WORK REQUIRED:
Restate word for word the lines below, from the one containing "Pokemon Coloring Pages" through the final line, with no pictures included.

SOURCE MATERIAL:
Start of Block

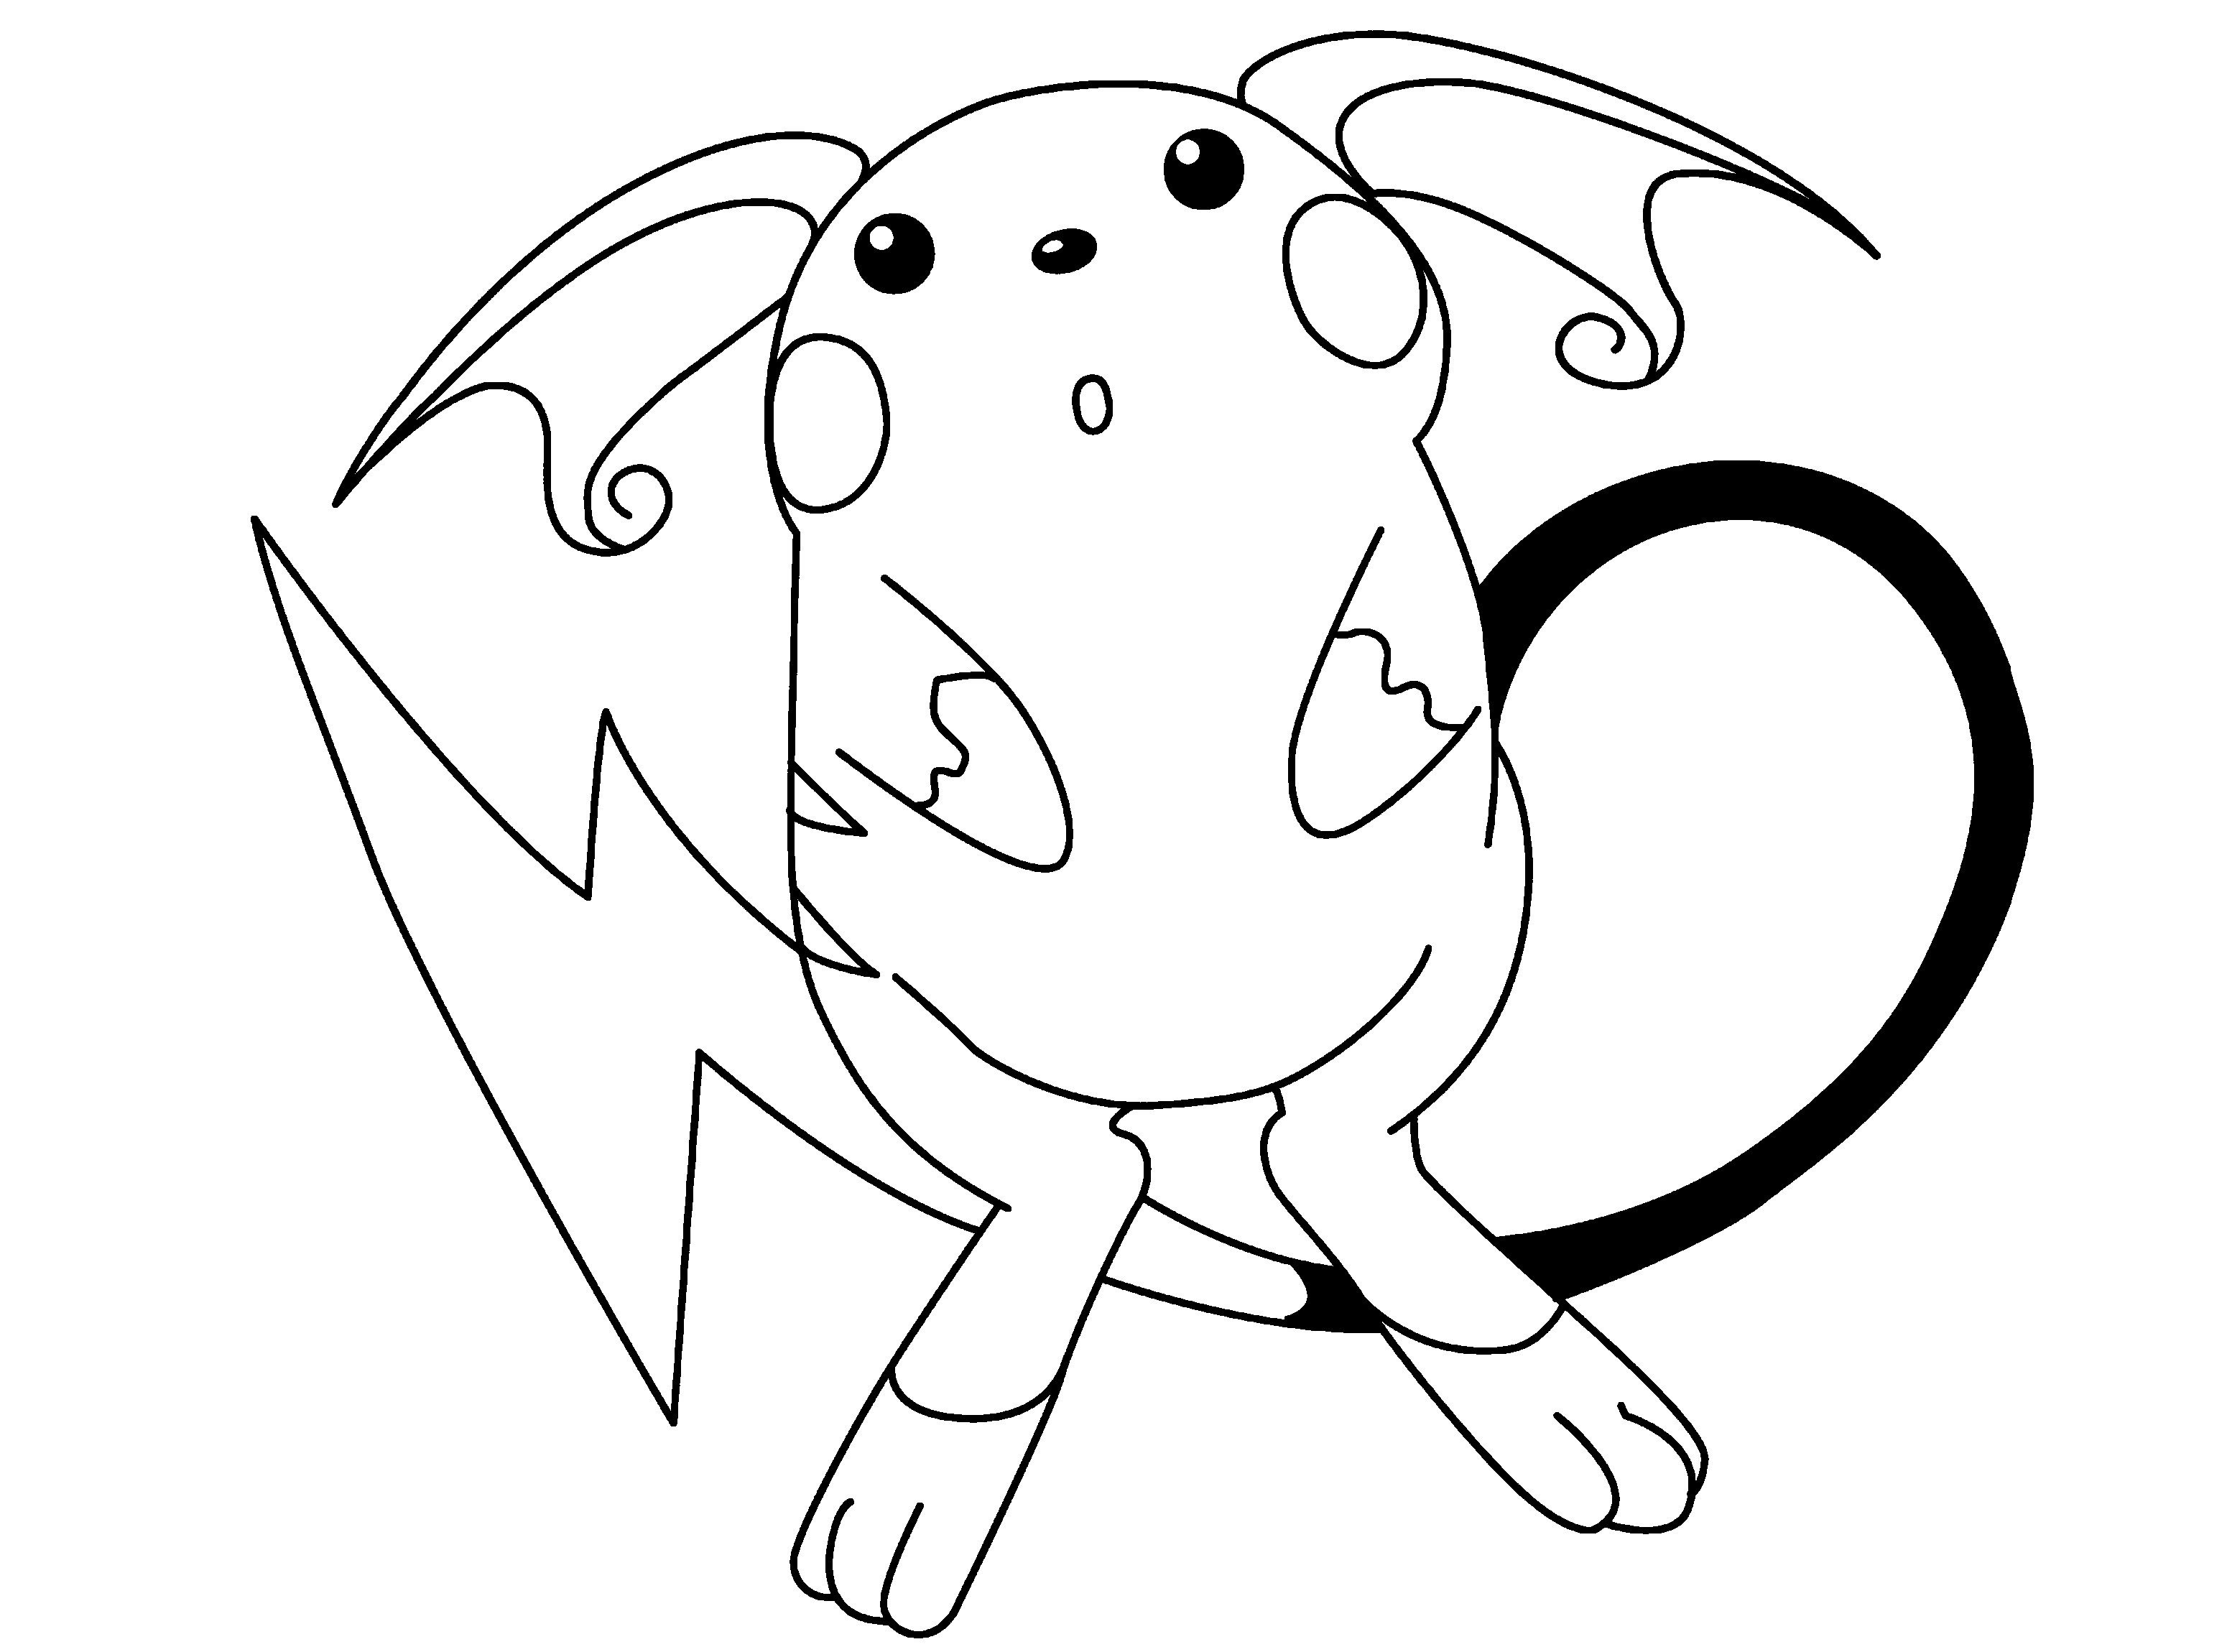 Pokeman Coloring Pages
 Pokemon Coloring Pages Join your favorite Pokemon on an
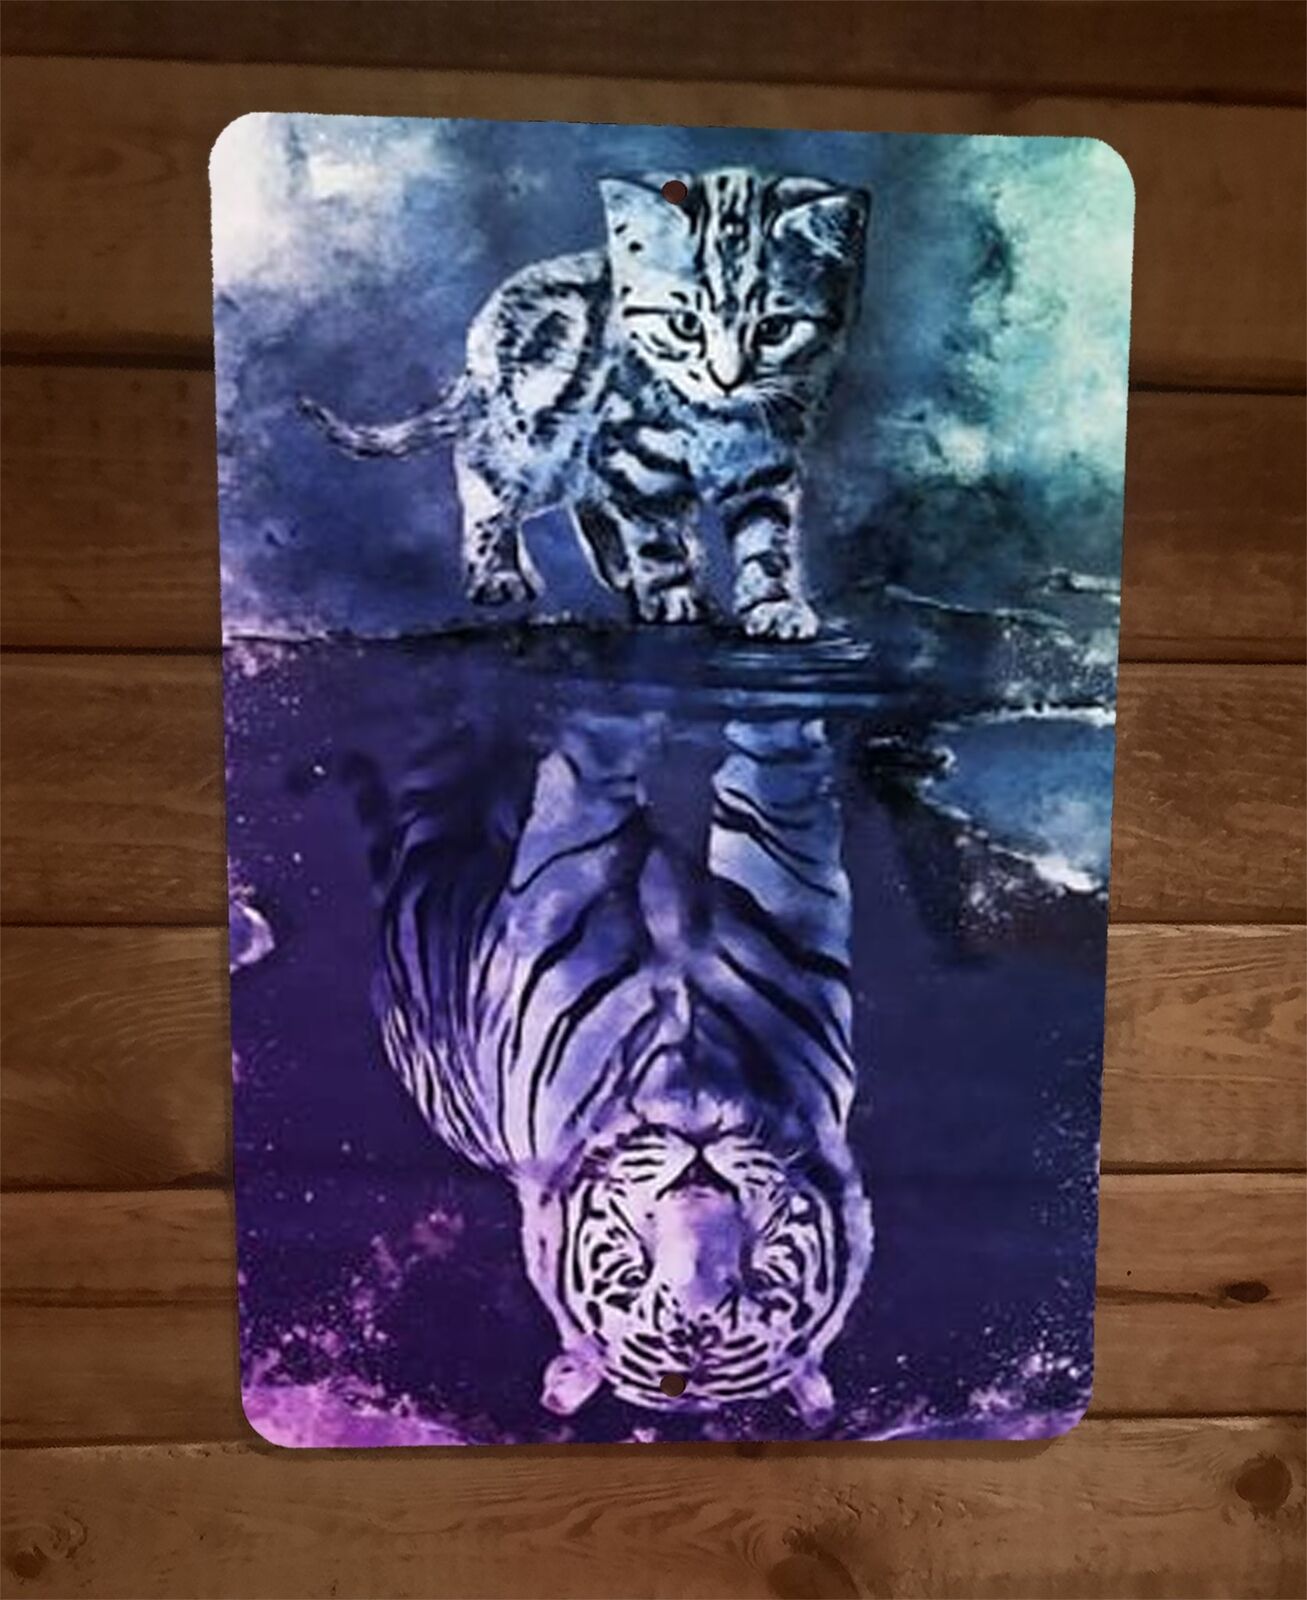 Kitten Cat White Tiger Reflection in Water 8x12 Metal Wall Animal Sign

End of Block

TASK RESULT:
 Pokemon Coloring Pages Join your favorite Pokemon on an
 Kitten Cat White Tiger Reflection in Water 8x12 Metal Wall Animal Sign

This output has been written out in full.